Changes in urban design and traffic policy, demography, climate and associated adaptation and mitigation measures, and environmental policies, are likely to modify both outdoor and indoor air quality and therefore public health. The proposed project aims to improve our understanding of future exposure situations and their impact on health, from an interdisciplinary approach. This will be achieved by using various state-of-the-art atmospheric models and measurements and epidemiological studies and reviews. To assess population full exposure we will develop an integrated view accounting both for indoor and outdoor air pollution as well as for population time-activity data. Coupled modelling systems will be developed to assess the interaction between climate and urbanization. We will estimate new dose-response functions between health outcomes and air pollution as well as temperature in order to better estimate the effects on the foetus and young children. Ultimately we will simulate scenarios of future urban climate and air quality, combine future exposure scenarios, population scenarios and exposure-response functions to describe the effects of different trends and relevant policies on relative risk and burden of illness attributed to urban pollutants, especially particles and ozone, and their interactions with extreme temperatures.

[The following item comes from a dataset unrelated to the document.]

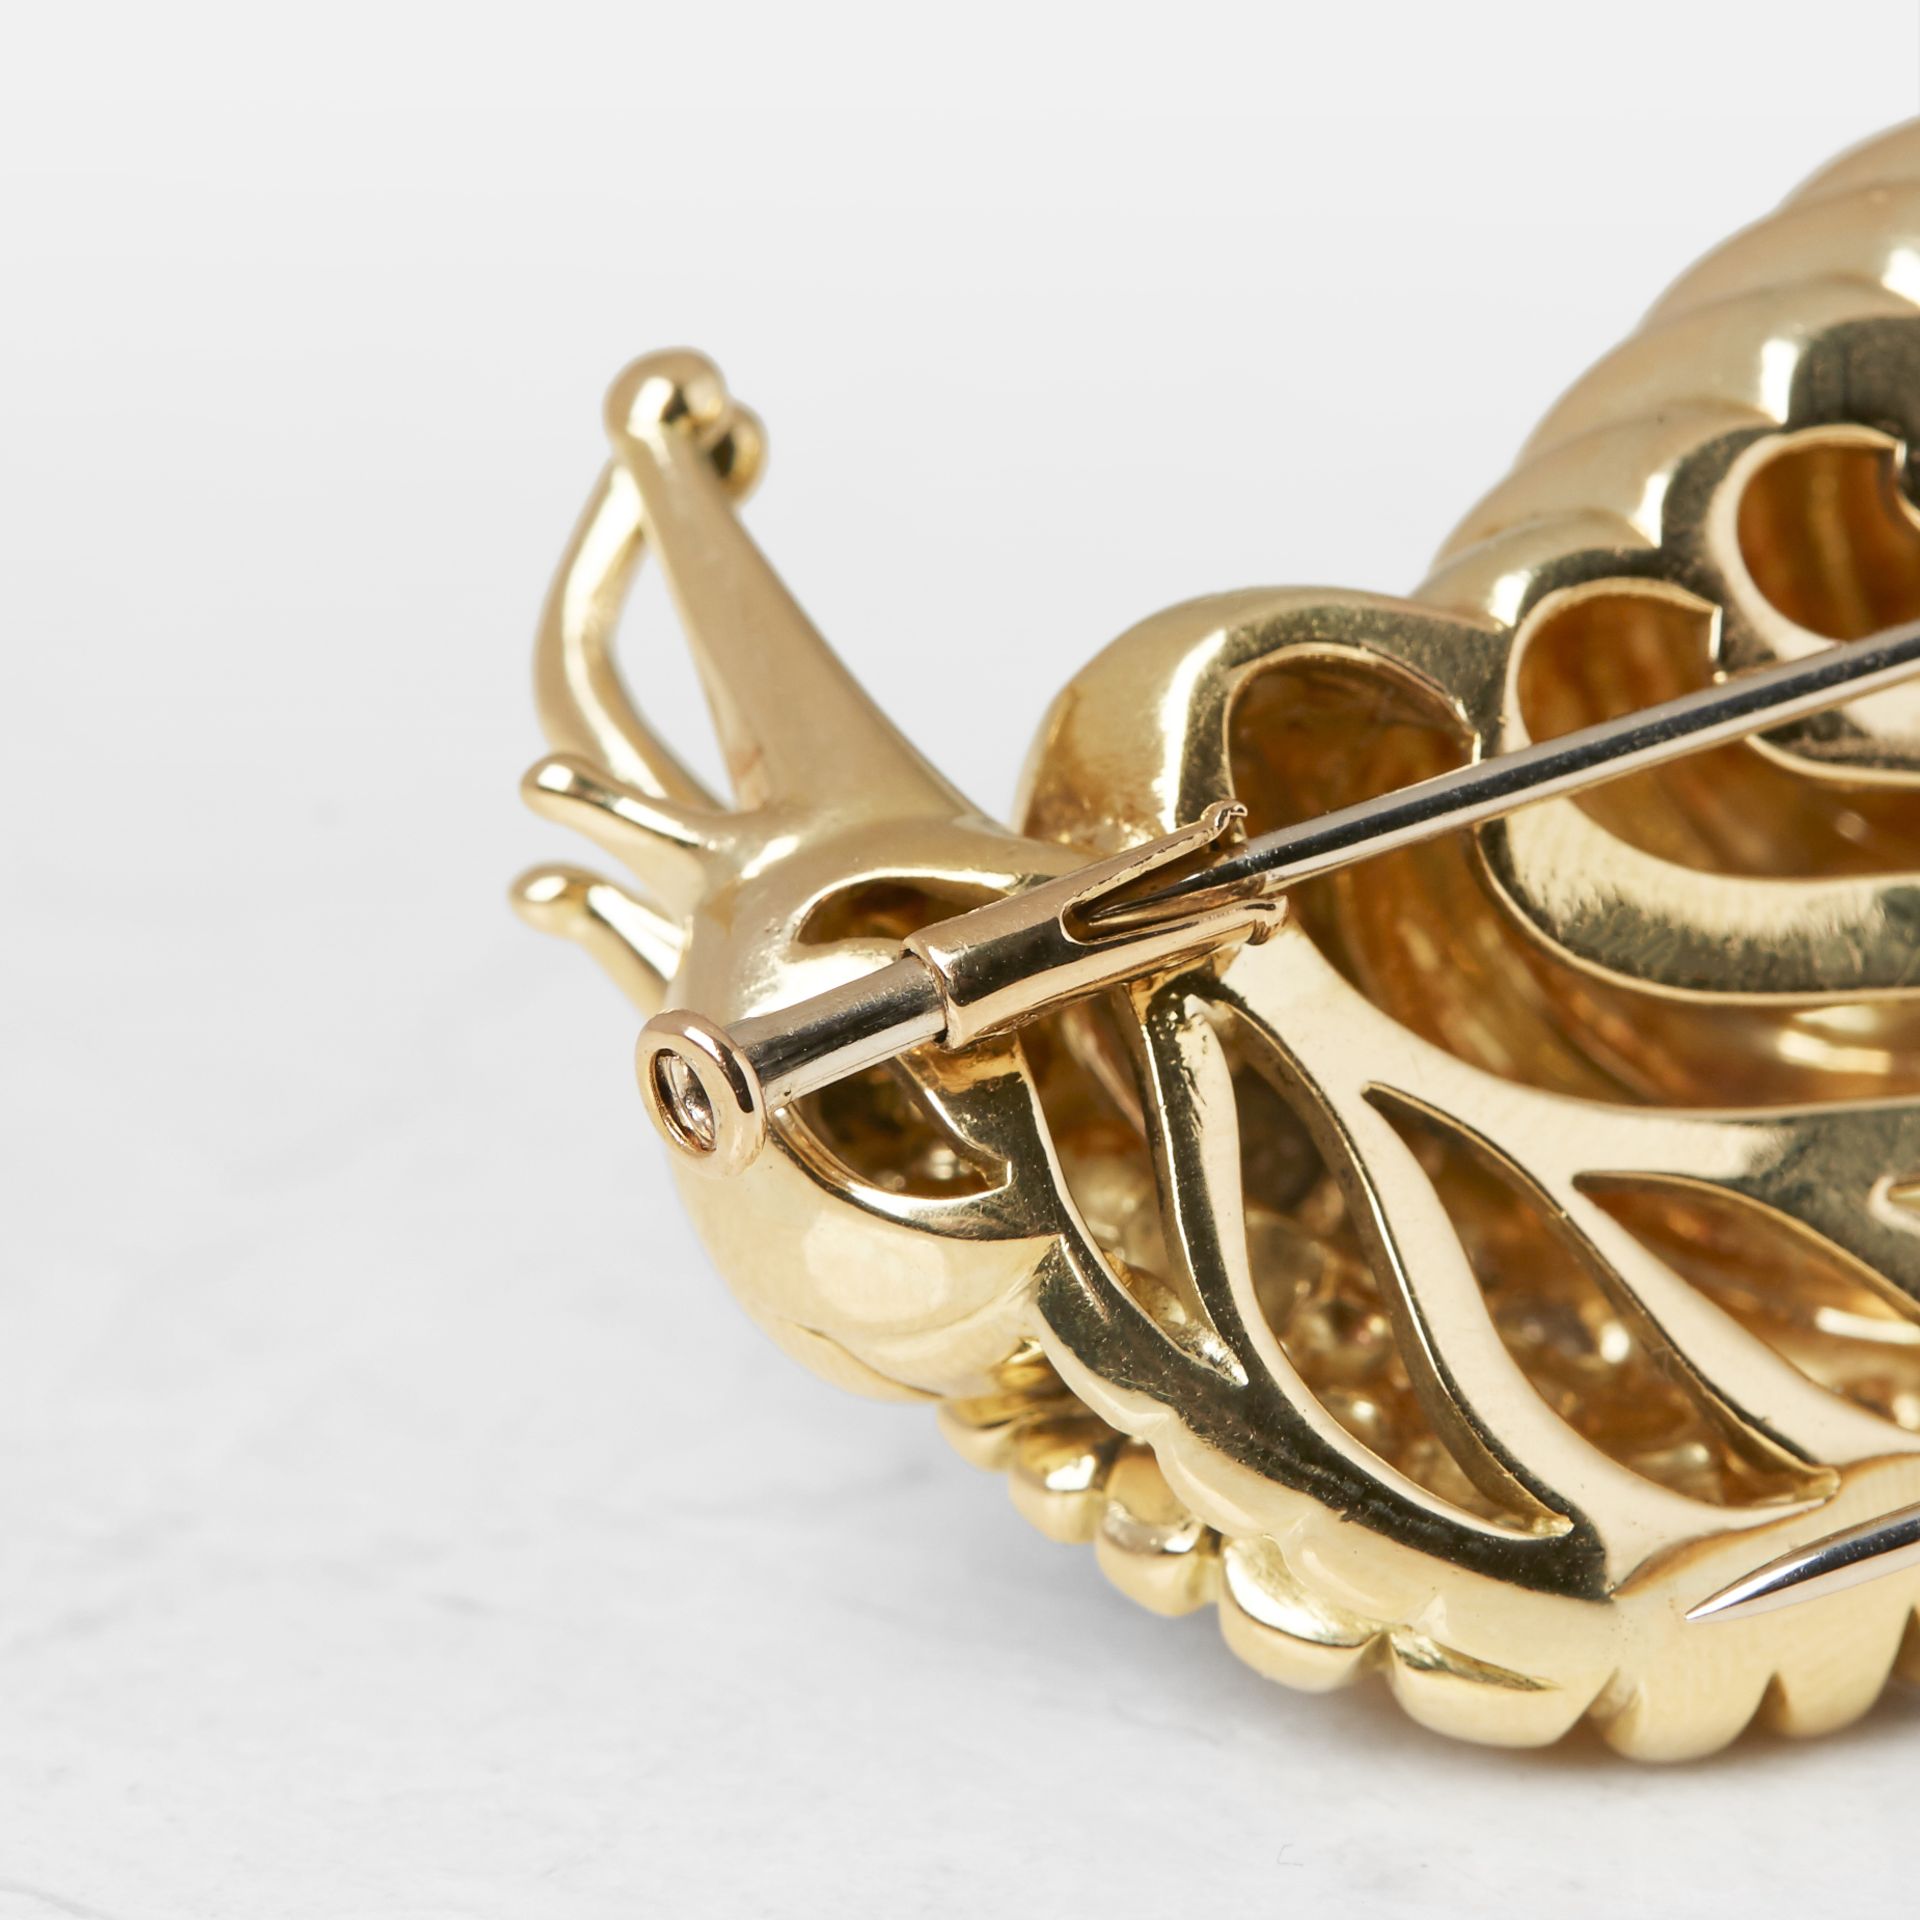 Rene Boivin 18k Yellow Gold Diamond Snail Brooch with Presentation Box - Image 9 of 19

This project will in particular address the issue of the mitigation strategies that can be used to reduce urbanization and climate change effects on the local urban meteorology and air quality. The accurate determination of the impact of such scenarios is hindered, at the large-scale end by the change in global climate and at the small-scale end by the difficulty in modelling details of surface and emissions. One of the main objectives of the project is to bridge processes across these scales using a suite of state-of-the-art atmospheric model from global to local (i.e. urban). With applications in several large European cities including Paris, Stockholm and Brussels we will study the impact of several alternative adaptation scenarios on urban air-quality and human health to a mid-century horizon (2030-2060) accounting for the effects of changing urban climate. To account for increased heating over urban areas (heat island effect) and atypical mixing processes induced by the three-dimensional structure of the city and artificial material (e.g. buildings, street canyons, urban vegetation, green roofs etc.) we will run dedicated flux models over the city (Town Energy Budget models). Future emission projections will be developed in collaboration with local agencies of each city based on available scenarios on local policies, urban planning, traffic management, vehicle fleet, economic growth etc. State-of-the-art chemistry transport models (MATCH and CHIMERE) will be used to assess concentrations at urban scale under the aforementioned adaptation scenarios. Novel subgrid scale approaches will be developed to describe air pollutant concentrations within the intra-urban area with special attention to street concentrations. We will also evaluate the impact of the implementation of Low Emission Zones (LEZ) in several European cities in Germany, France and Sweden on traffic-related air pollutants levels.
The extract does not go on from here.